Search code examples
regexoption-typeregex-group

Regular Expression: optional group is not working


I have this regEx:

\n1\s(\d{2,8})\s(\d{0,3}(.\d{3}),\d)\s(\w{1,10})\s(\d{0,3}(.\d{3}),\d)\s(\d{0,3}(.\d{3}),\d)\s(\w{3}).+?Ihre Art.-Nr.\s(\d+).+?(?:DeliveryDate:\s(\d{2}.\d{2}.\d{4})).+?(?:ExtraCharge.+?entspricht:\s(\d{0,3}(.\d{3}),\d)\s(\w{1,10}))

Works fine so far. It matches something like this:

1 123456 25,00 Stck 100,00 2.500,00 EUR

. . . some text

Ihre Art.-Nr. 1690431

DeliveryDate: 21.11.2019

. . . some text

incl.ExtraCharge

entspricht: 222,00 EUR

Now I want the bold parts to be optional (in some cases the values are missing in the document).

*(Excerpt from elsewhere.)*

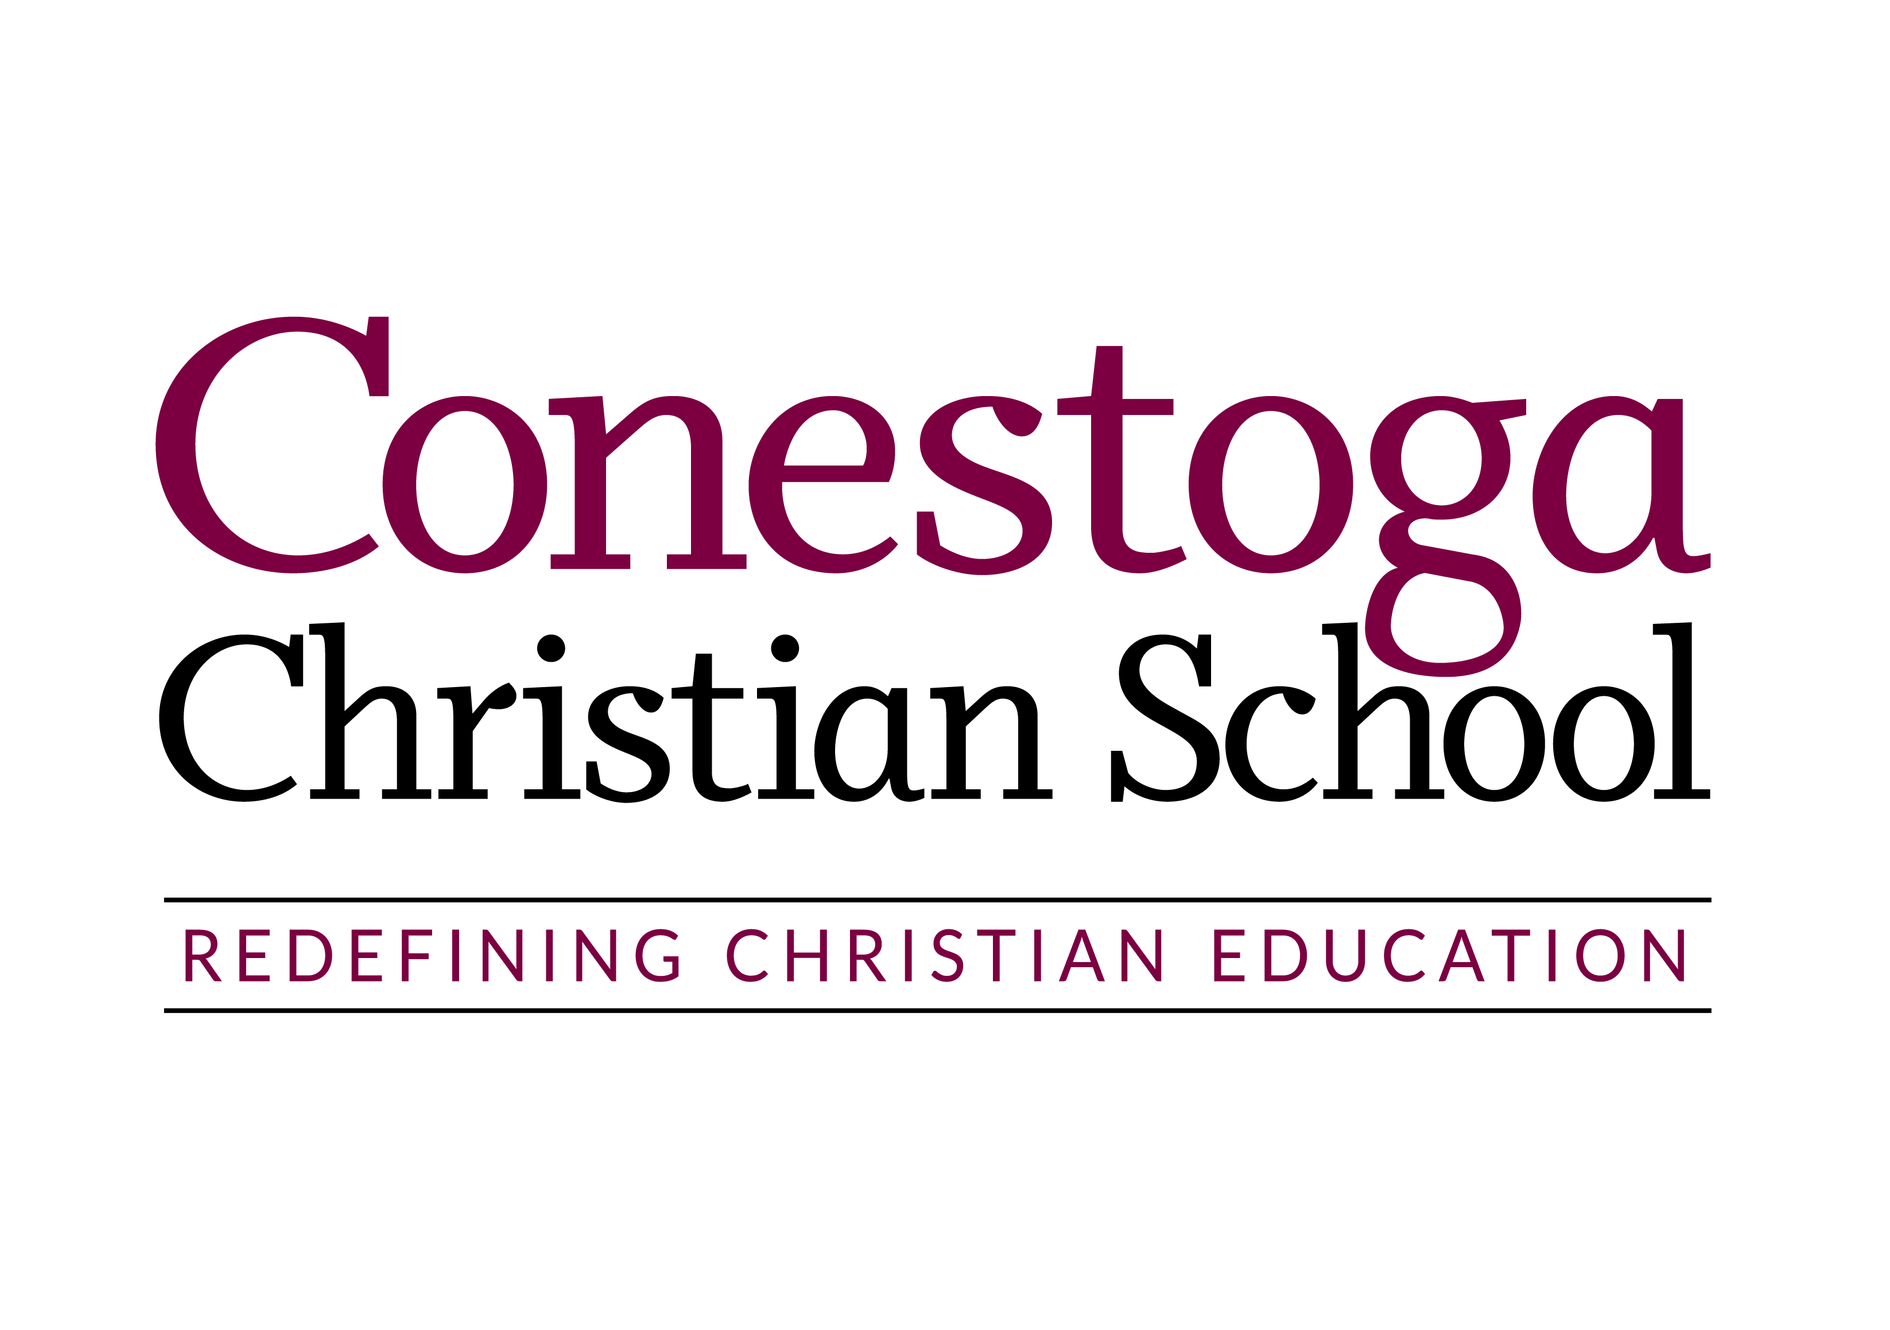 Conestoga Christian School

My idea was to just add a questionmark to the groups:

\n1\s(\d{2,8})\s(\d{0,3}(.\d{3}),\d)\s(\w{1,10})\s(\d{0,3}(.\d{3}),\d)\s(\d{0,3}(.\d{3}),\d)\s(\w{3}).+?Ihre Art.-Nr.\s(\d+).+?(?:DeliveryDate:\s(\d{2}.\d{2}.\d{4}))?.+?(?:ExtraCharge.+?entspricht:\s(\d{0,3}(.\d{3}),\d)\s(\w{1,10}))?

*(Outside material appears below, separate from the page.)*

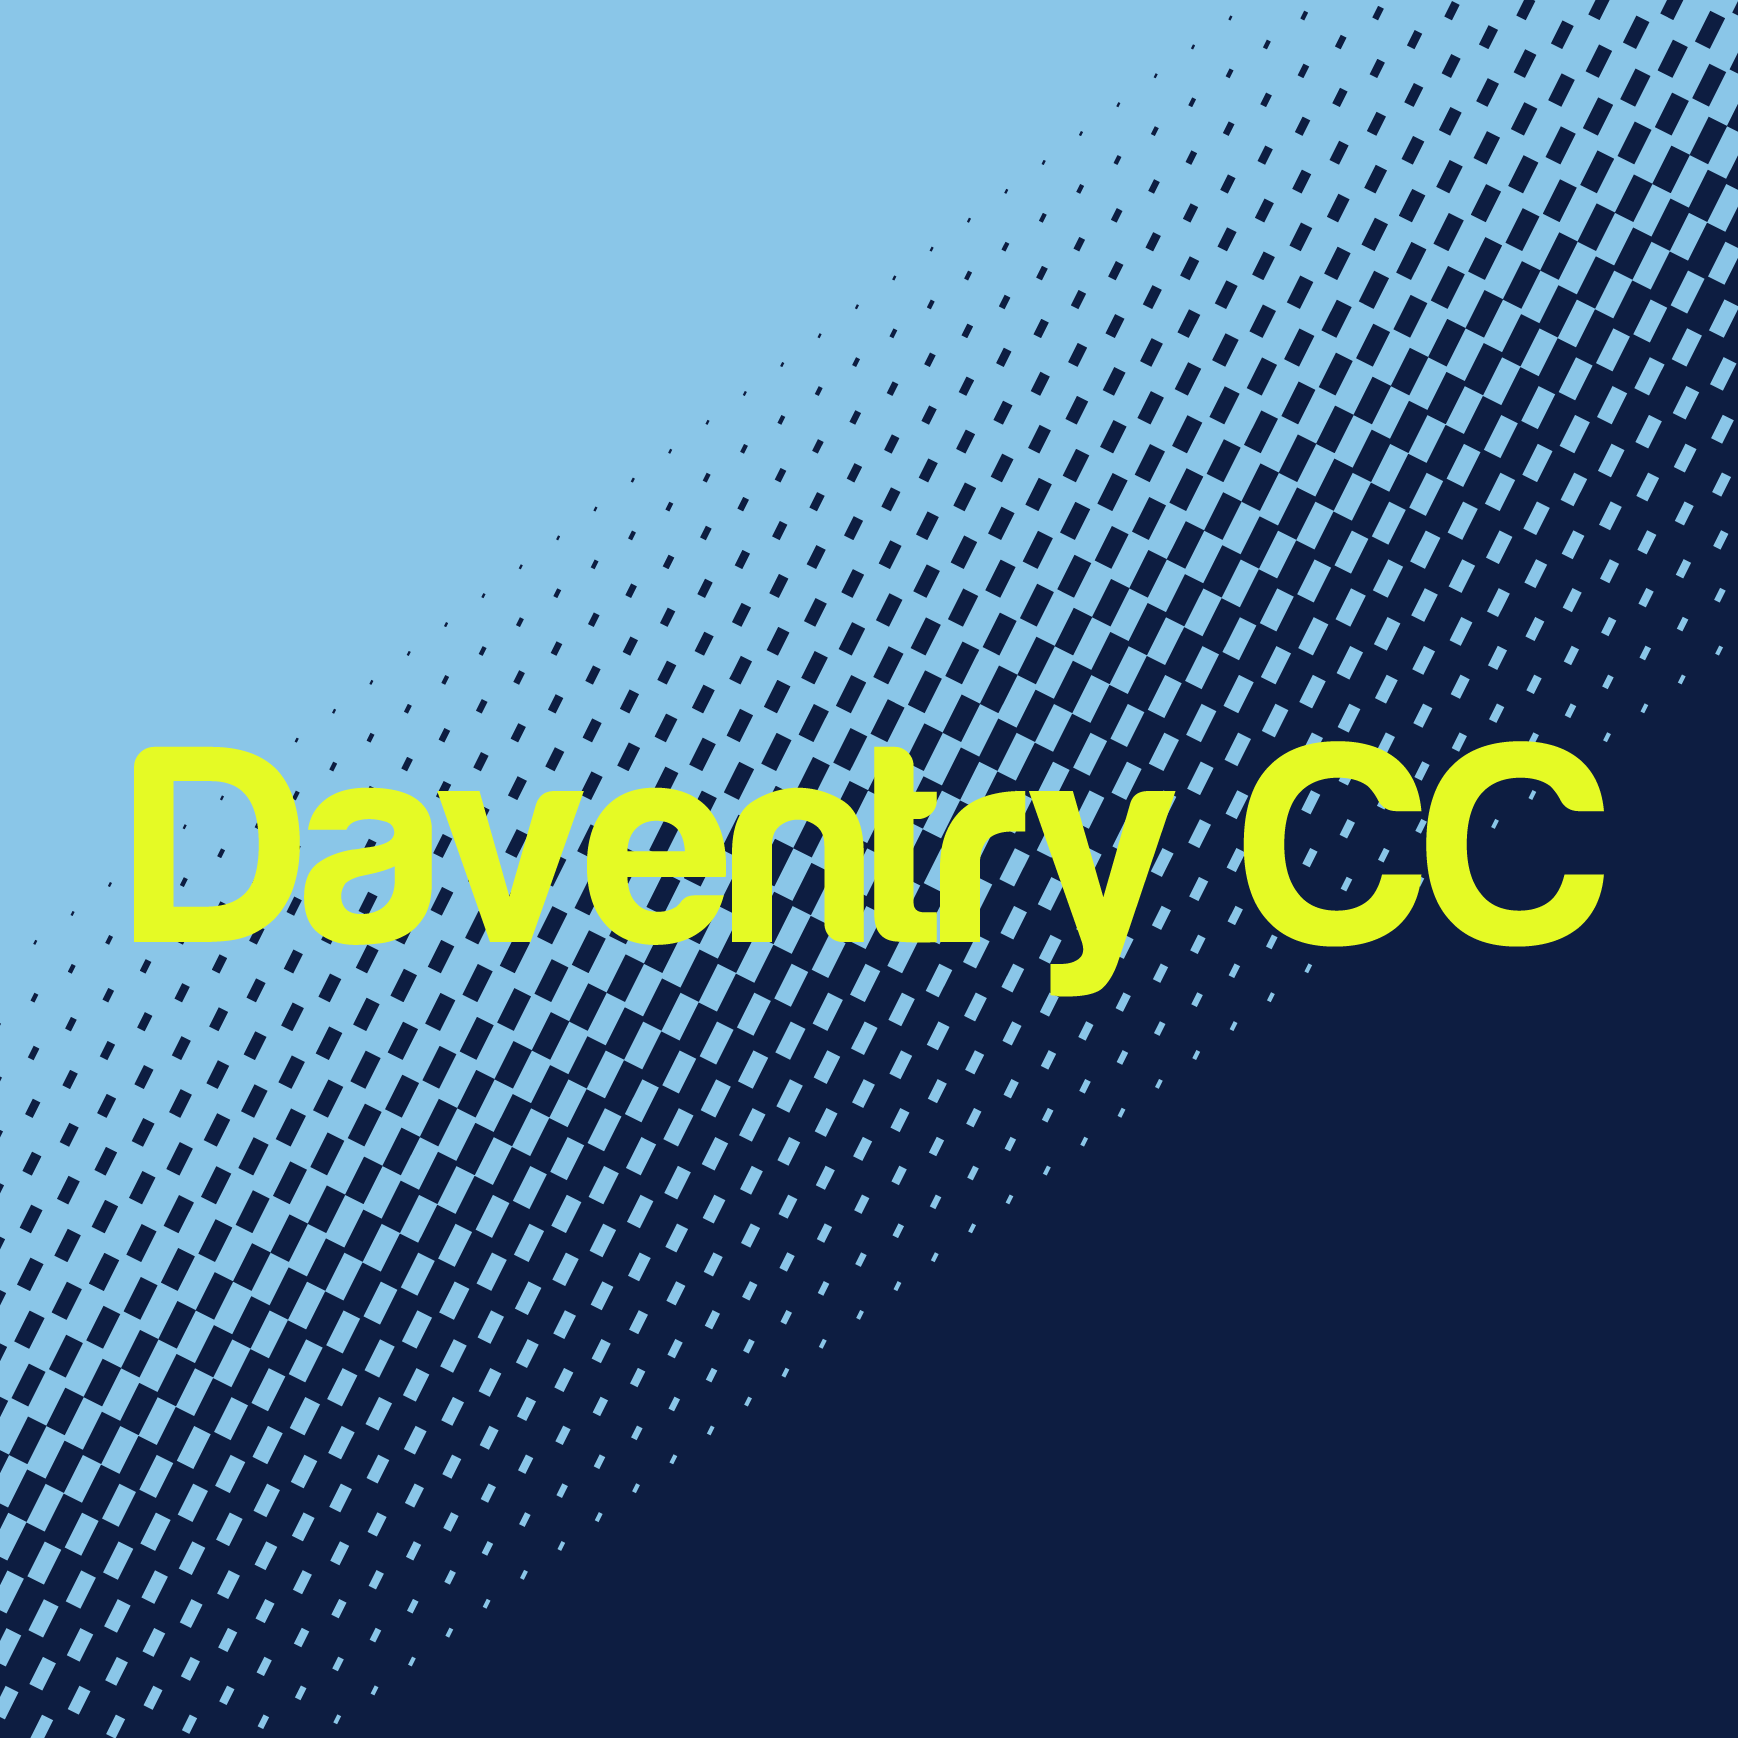 Club Image for DAVENTRY CC

but it doesn't work, and I don't know why


Solution

  • If (?:DeliveryDate:\s(\d{2}.\d{2}.\d{4}))? is not matched, then the regex still expects the .+? before and after to still match.

    Try putting the ending .+? inside of the non-capturing group that you have for DeliveryDate. eg

    (?:DeliveryDate:\s(\d{2}.\d{2}.\d{4}).+?)?